An example virtual product would be a cloud-free surface reflectance (SR) product derived from a base surface reflectance product and a pixel quality (PQ) product that classifies cloud. Virtual products are especially useful when the datasets from the different products have the same spatio-temporal extent and the operations are to be applied pixel-by-pixel.

The source code for virtual products is in the datacube.virtual module. An example notebook using virtual products can be found in the DEA notebooks collection.

Using virtual products#

Virtual products provide an interface to query and load data. The methods are:

query(dc, **search_terms)
Retrieves datasets that match search_terms from the database index of dc.
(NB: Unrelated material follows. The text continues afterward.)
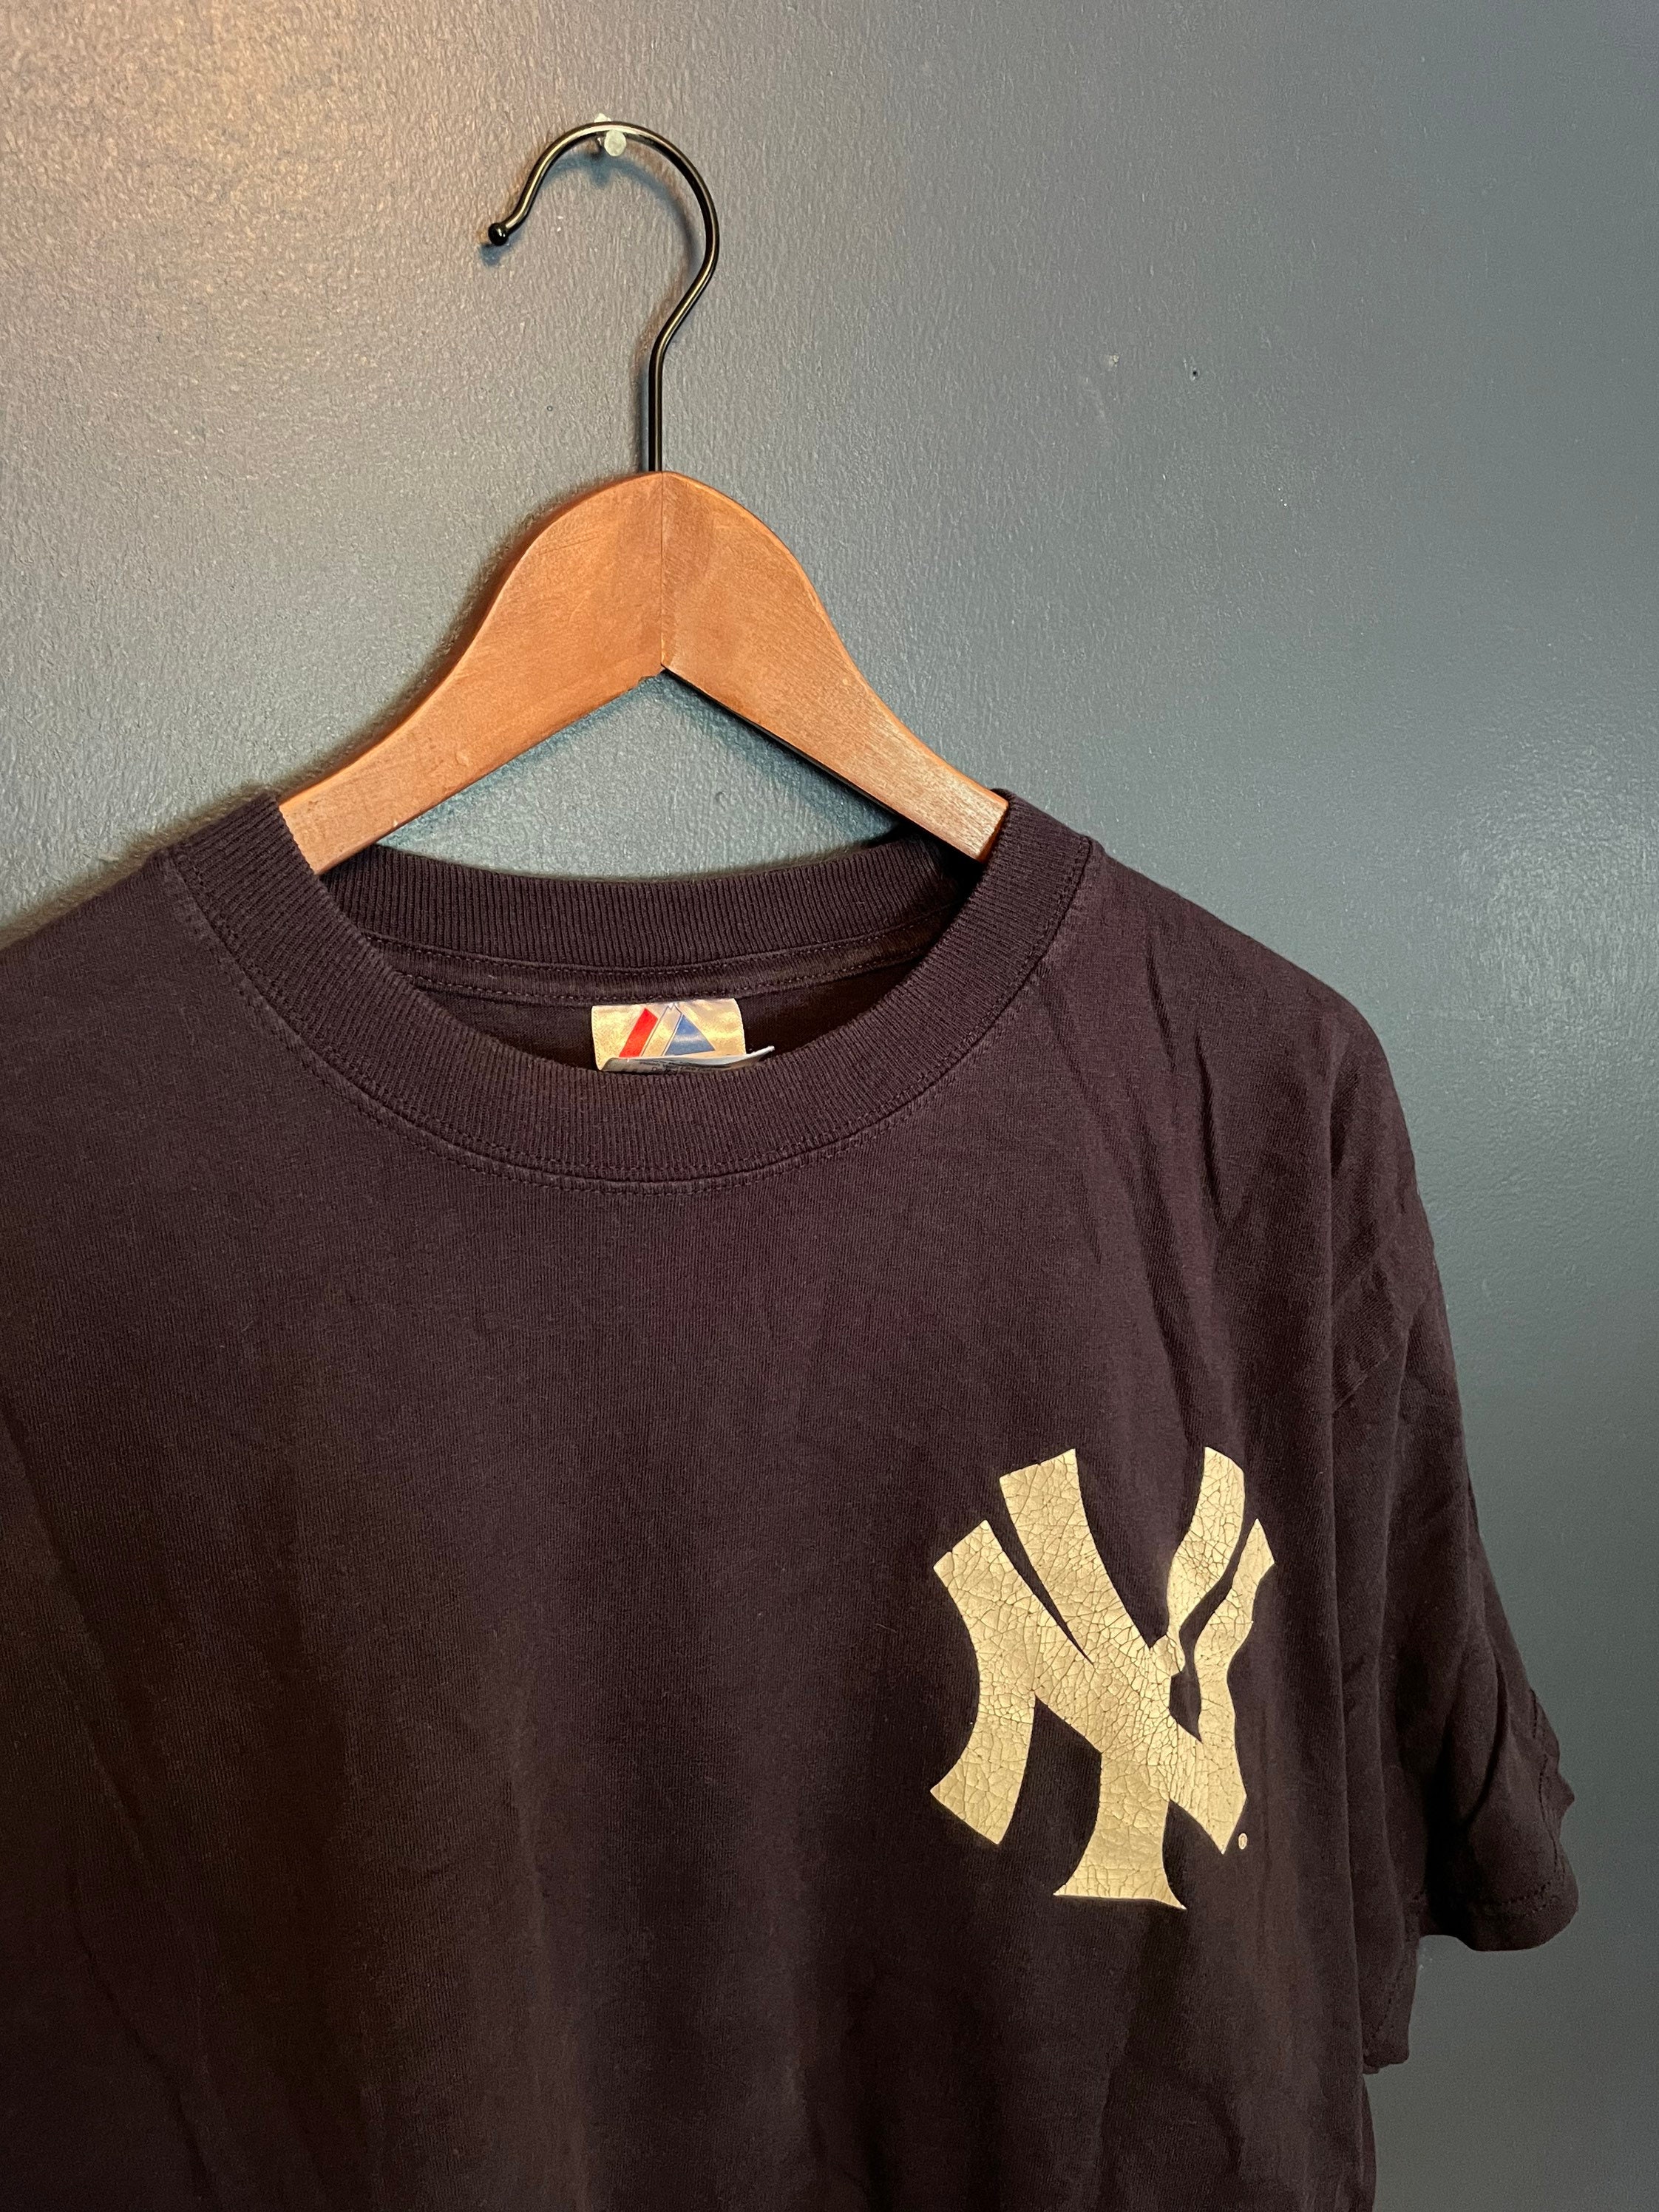 Vintage MLB (Joy Athletic) - New York Yankees The Greatest Roster T-Shirt  1998 Large – Vintage Club Clothing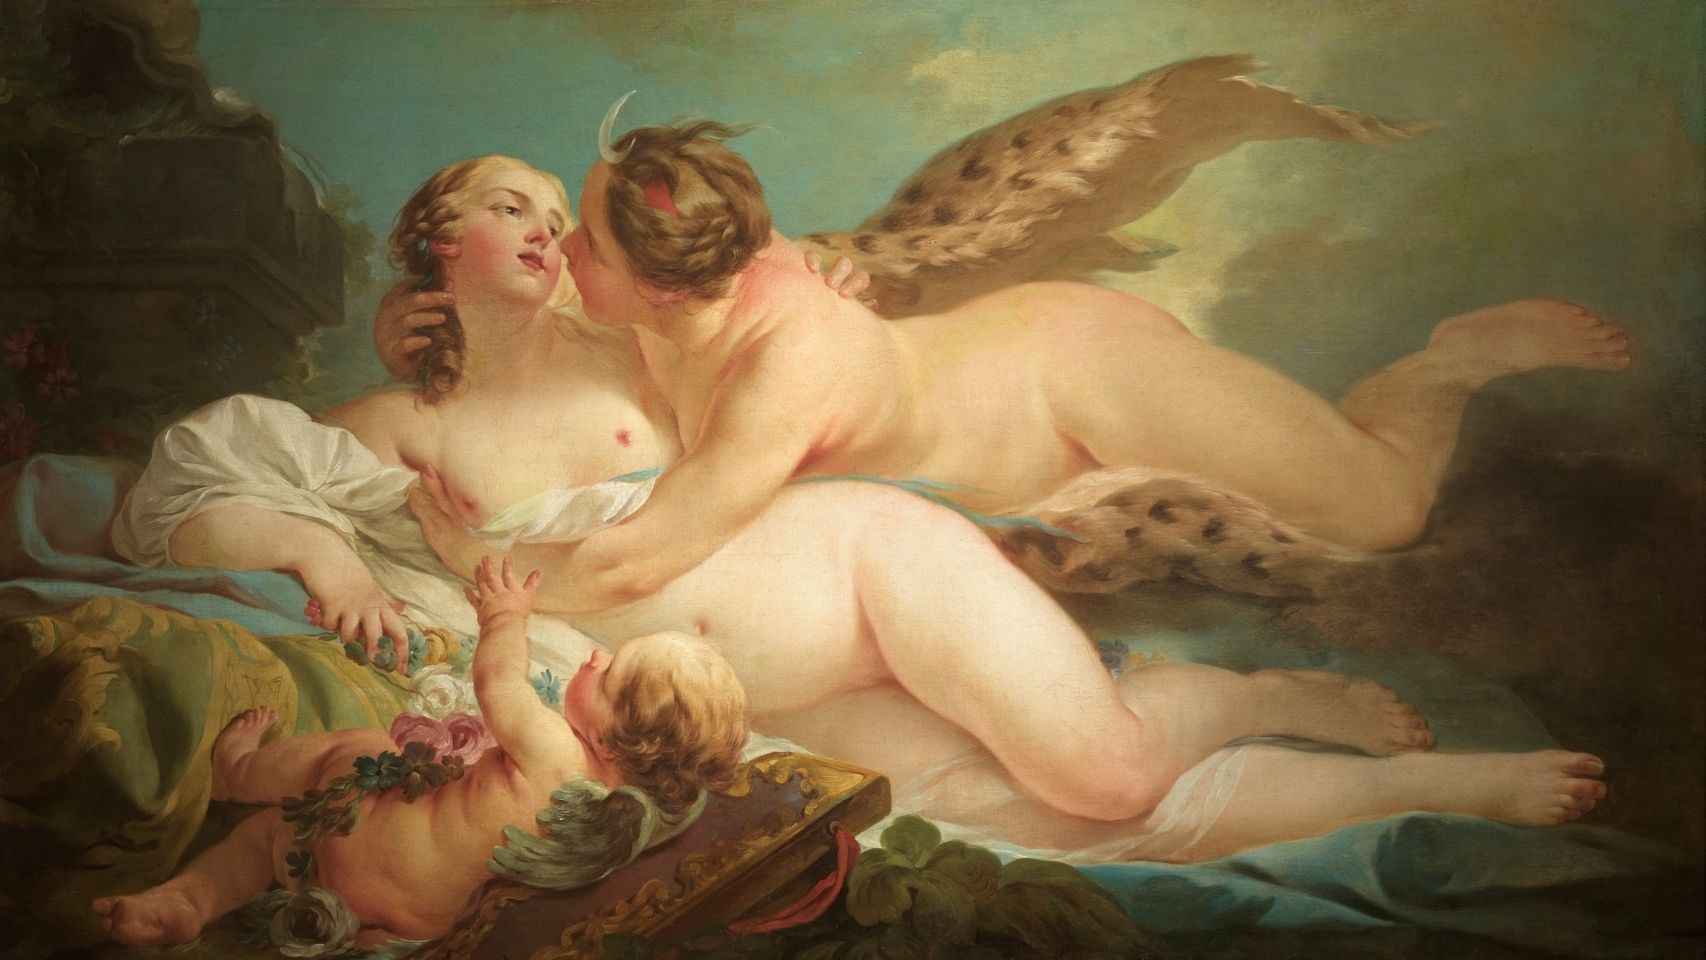 Jean-Baptiste Marie Pierre pintó esta escena transexual en 1745.

group(datasets, **group_settings)
Groups datasets from query by timestamp. Does not connect to the database.

fetch(grouped, **load_settings)
Loads the data from the grouped datasets according to load_settings. Does not connect to the database. The on-the-fly transformations are applied at this stage. To load data lazily using dask, specify dask_chunks in the load_settings.

Note

Virtual products do provide a load(dc, **query) method similar to dc.load. However, this method is only to facilitate code migration, and its use is not recommended. It implements the pipeline:

For advanced use cases, the intermediate objects VirtualDatasetBag and VirtualDatasetBox may be directly manipulated.

Design#

Virtual products are constructed by applying a set of combinators to either existing datacube products or other virtual products. That is, a virtual product can be viewed as a tree whose nodes are combinators and leaves are ordinary datacube products.

Continuing the example in the previous section, consider the recipe for a cloud-free surface reflectance product from SR products for two sensors (ls7_nbar_albers and ls8_nbar_albers) and their corresponding PQ products (ls7_pq_albers and ls8_pq_albers):

:caption: Sample Virtual Product Recipe

collate:
  - transform: apply_mask
    mask_measurement_name: pixelquality
    input:
        juxtapose:
          - product: ls7_nbar_albers
            measurements: [red, green, blue]
          - transform: make_mask
            input:
                product: ls7_pq_albers
            flags:
                blue_saturated: false
                cloud_acca: no_cloud
                cloud_fmask: no_cloud
                cloud_shadow_acca: no_cloud_shadow
                cloud_shadow_fmask: no_cloud_shadow
                contiguous: true
                green_saturated: false
                nir_saturated: false
                red_saturated: false
                swir1_saturated: false
                swir2_saturated: false
            mask_measurement_name: pixelquality
  - transform: apply_mask
    mask_measurement_name: pixelquality
    input:
        juxtapose:
          - product: ls8_nbar_albers
            measurements: [red, green, blue]
          - transform: make_mask
            input:
                product: ls8_pq_albers
            flags:
                blue_saturated: false
                cloud_acca: no_cloud
                cloud_fmask: no_cloud
                cloud_shadow_acca: no_cloud_shadow
                cloud_shadow_fmask: no_cloud_shadow
                contiguous: true
                green_saturated: false
                nir_saturated: false
                red_saturated: false
                swir1_saturated: false
                swir2_saturated: false
            mask_measurement_name: pixelquality

from datacube.virtual import construct_from_yaml

cloud_free_ls_nbar = construct_from_yaml(recipe)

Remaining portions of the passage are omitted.